Unknotting family ties

South Florida's Roberts Traffic Marking is successfully transitioning from a family business to a corporation.


"Neither of our husbands are effective or interested teachers," she says. "After more than 20 years of on-the-job training of hundreds of employees, both Don and Ari have been frustrated for years by turnover in labor along with unmotivated, unproductive employees. So, they are no longer interested in making that effort."

Partly out of frustration Don had long ago returned to operating as a one-man crew on smaller jobs, and as of the end of April Ari is no longer involved in the business at all. Don remains with the company, operating more as a consultant. "Now we'll try to get all his knowledge and expertise transferred," Birchfield says.

Not only did their knowledge not get passed along on the job, it probably cost the company some good employees. "If the crew couldn't do it right the second time Don or Ari would just take the paint machine and do it themselves," Birchfield says. "So because of the way we operated we lost some quality people because we wouldn't let them do what they were probably capable of."

To manage this transfer of information, which Birchfield acknowledges will be an ongoing process as employees come and go, RTM created the position of operations manager. "We are training one competent individual as operations manager to develop manuals and implement 'training and procedures' for all aspects of operations, from set-up of crew and trucks, to 'how to' operations of each piece of equipment, to the methodology and approach of layout and installation," she says.

The operations manager is also heavily involved in inventory and equipment maintenance. The issue of inventory control rose its ugly head, when RTM began adding crews. Ari learned the business from Don, and the two shared the load. When materials or tools or parts needed to be ordered, each would order what he needed then pick it up for each job. The two men would order what they needed, but that didn't account for what other crews needed. Crews were often short of material, and the company even lost money because everyone wanted to use the new stock - up front in the warehouse - as opposed to the older stock buried in the back, which occasionally went bad.

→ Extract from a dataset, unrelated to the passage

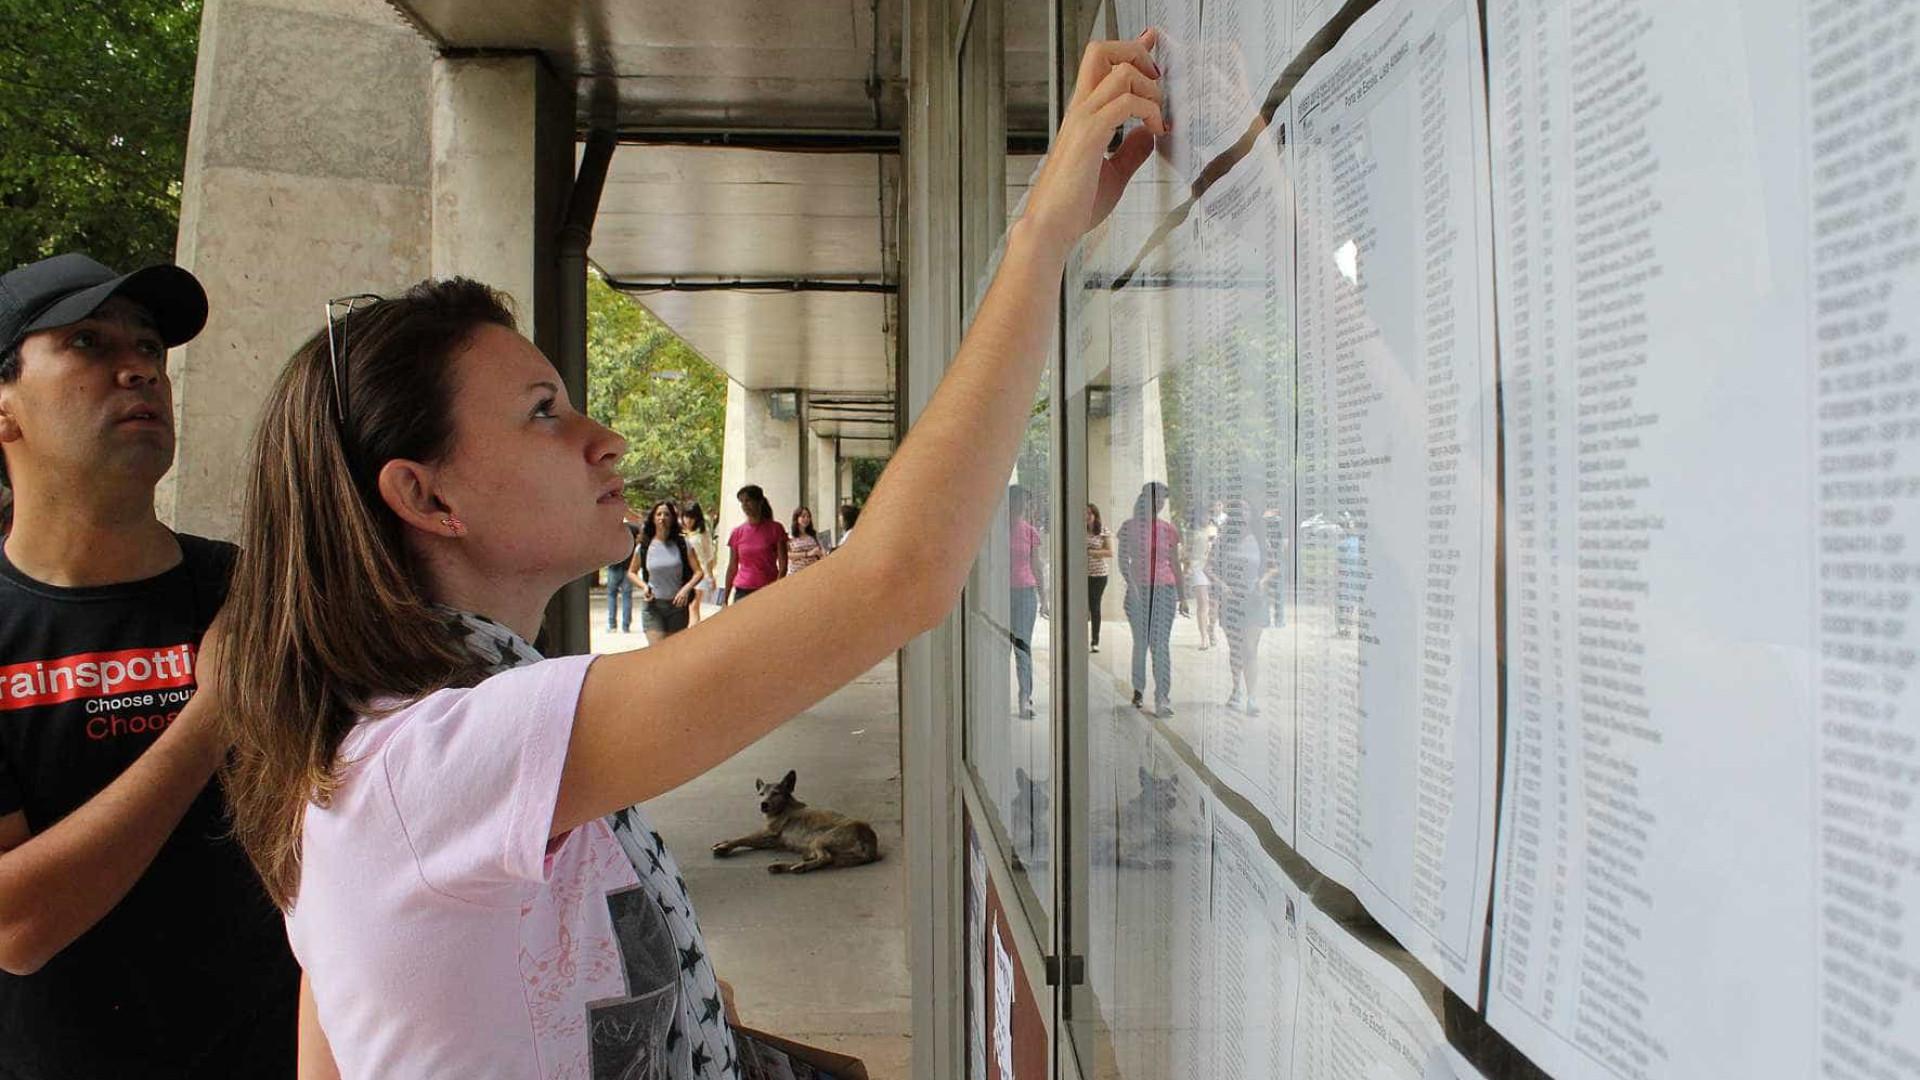 Concursos públicos abrem vagas com salário de até R$ 30 mil

"It became a question of who is responsible, and for a while we didn't have an answer to that question."

But they do now.

Carl Decatrel, operations manager, supervises and directs all field activities, controls the inventory, including placing orders and checking with the crews to see what they need. "We're training him to be a replacement 'me' out in the field," Birchfield says. "Once a project is awarded he checks the site, phases it out, plans which vehicles to use, and follows up on jobs to keep an eye on productivity and quality of work. He hires, fires, schedules crews, makes sure vehicles are maintained, manages the warehouse, and pre-checks all jobsites.

"Now we have weekly management meetings with the staff to discuss what jobs are coming up, how many bids have been awarded, amount of work in progress, in order to prepare for site visits and reviewing the status of on-going projects," Birchfield says. "The operations manager is an integral part of these meetings so he knows what's coming up, he knows what's likely to be needed, and he knows or at least can check on what we have in inventory and order what we need."

Utilizing information
As new people began working in the field, getting accurate information back to the office for billing became a challenge, primarily for specialty and aviation contracts.

"Some of the striping we do is very complicated. We bid the work, especially airport work, in a very specific way based on various contract requirements and bid sheets, so the client knows what's going to happen, and so we can cost the job as accurately as possible," Birchfield says.

Once the bid is accepted and contracted, the field crew needs to report back to the office what quantities and bid items were completed in order to match the work with the estimate for billing. "Because this work is so complicated you have to understand how the job was bid out, and that's how it's got to be reported back," Birchfield says. "But except for Don and Ari, the people in the field are not familiar with that. They don't understand or know how a job was bid or why it was bid a certain way. They're out there just putting paint down."